The customer is given the right to acquire the Bank’s equity in the asset periodically. Financing income
is accounted for on the basis of reducing balance on a time apportioned basis that reflects the
effective yield of the asset.
Financing income under this contract is recognised on effective profit rate basis over the period
of the contract based on the principal amount outstanding.
(ii) Fee and other income recognition
Financing arrangement, management and participation fees, underwriting commissions, guarantee
fees and brokerage fees are recognised as income based on accrual on time apportionment method.
Fees from advisory and corporate finance activities are recognised at net of service taxes and discounts on
completion of each stage of the assignment.
Dividend income from securities is recognised when the Bank’s right to receive payment is established.
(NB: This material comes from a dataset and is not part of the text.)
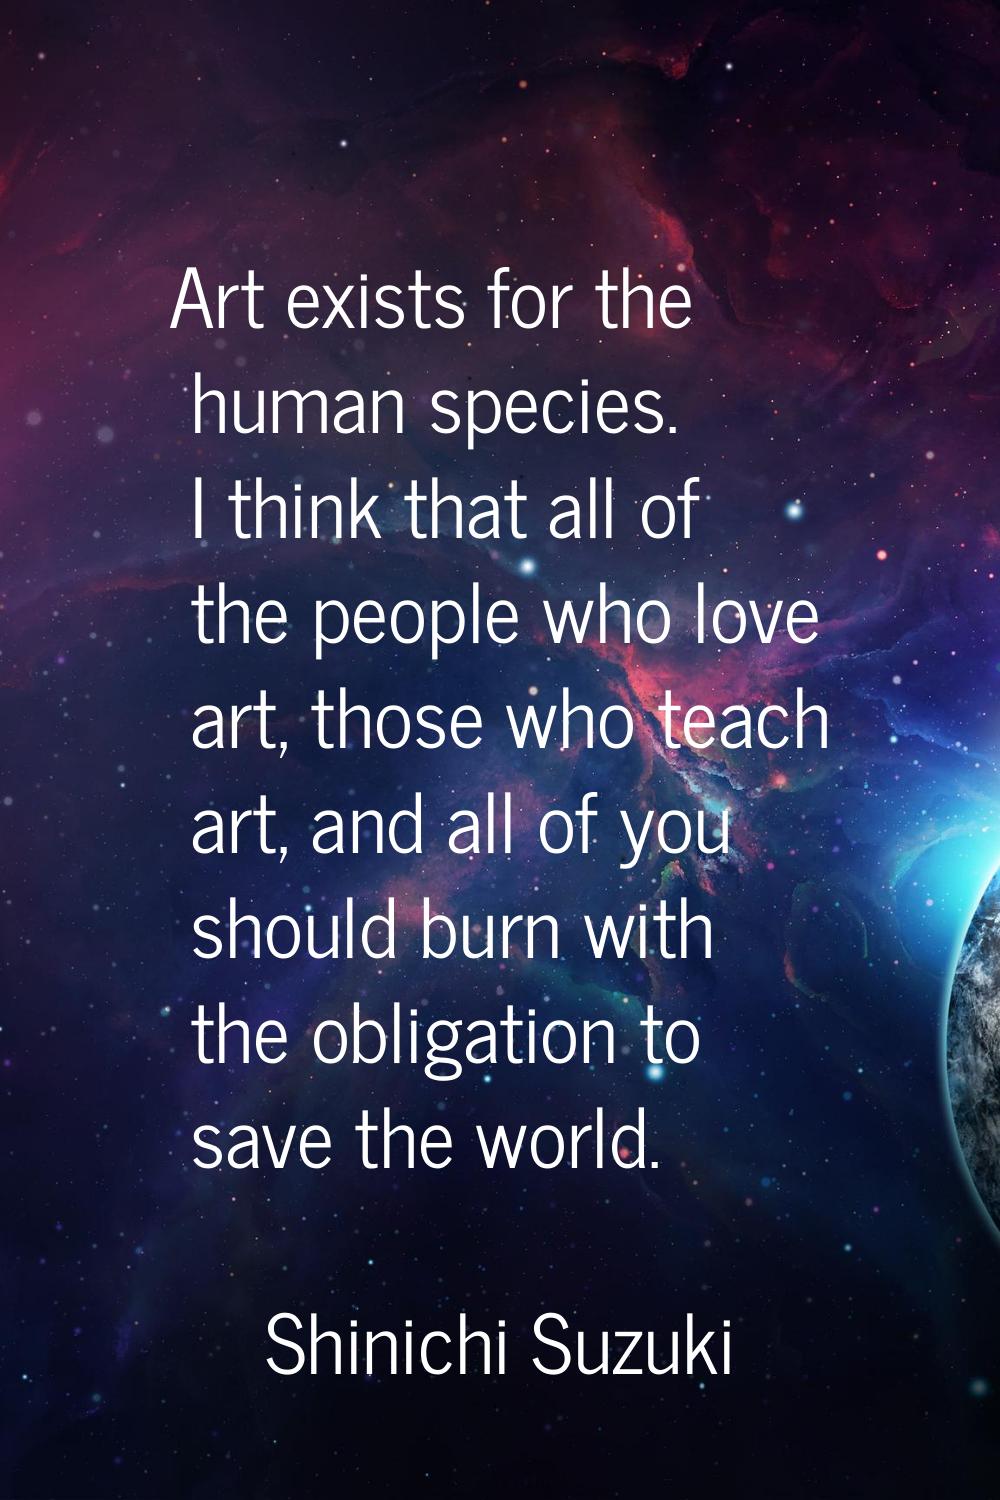 Art exists for the human species. I think that all of the people who love art, those who teach art,

(p) Income and deferred taxes
Income tax for the year comprises current and deferred tax. Current tax is the expected amount of income taxes
payable in respect of the taxable profit for the year and is measured using the tax rates that have been enacted
at the reporting date.
Deferred tax is provided for using the liability method. In principle, deferred tax liabilities are recognised
for all taxable temporary differences and deferred tax assets are recognised for all deductible temporary
differences, unused tax losses and unused tax credits to the extent that it is probable that taxable profits will
be available against which the deductible temporary differences, unused tax losses and unused tax credits can
be utilised.
Deferred tax is not recognised if the temporary difference arises from goodwill or negative goodwill or from
the initial recognition of an asset or liability in a transaction which is not a business combination and at
the time of the transaction, affects neither accounting profit nor taxable profit.
Deferred tax is measured at the tax rates that are expected to apply in the period when the asset is realised
or the liability is settled, based on tax rates that have been enacted or substantively enacted at the financial
position date. Deferred tax is recognised as income or expense and included in the statements of profit or loss
for the period, except when it arises from a transaction which is recognised directly in equity, in which case
the deferred tax is also recognised directly in equity, or when it arises from a business combination that is an
acquisition, in which case the deferred tax is included in the resulting goodwill or the amount of any excess of
the acquirer’s interest in the net fair value of the acquiree’s identifiable assets, liabilities and contingent liabilities
over the cost of the combination.
Deferred tax assets and deferred tax liabilities are offset if a legally enforceable right exists to set-off current tax
assets against current tax liabilities and the deferred taxes relate to the same taxable entity and the same taxation
authority.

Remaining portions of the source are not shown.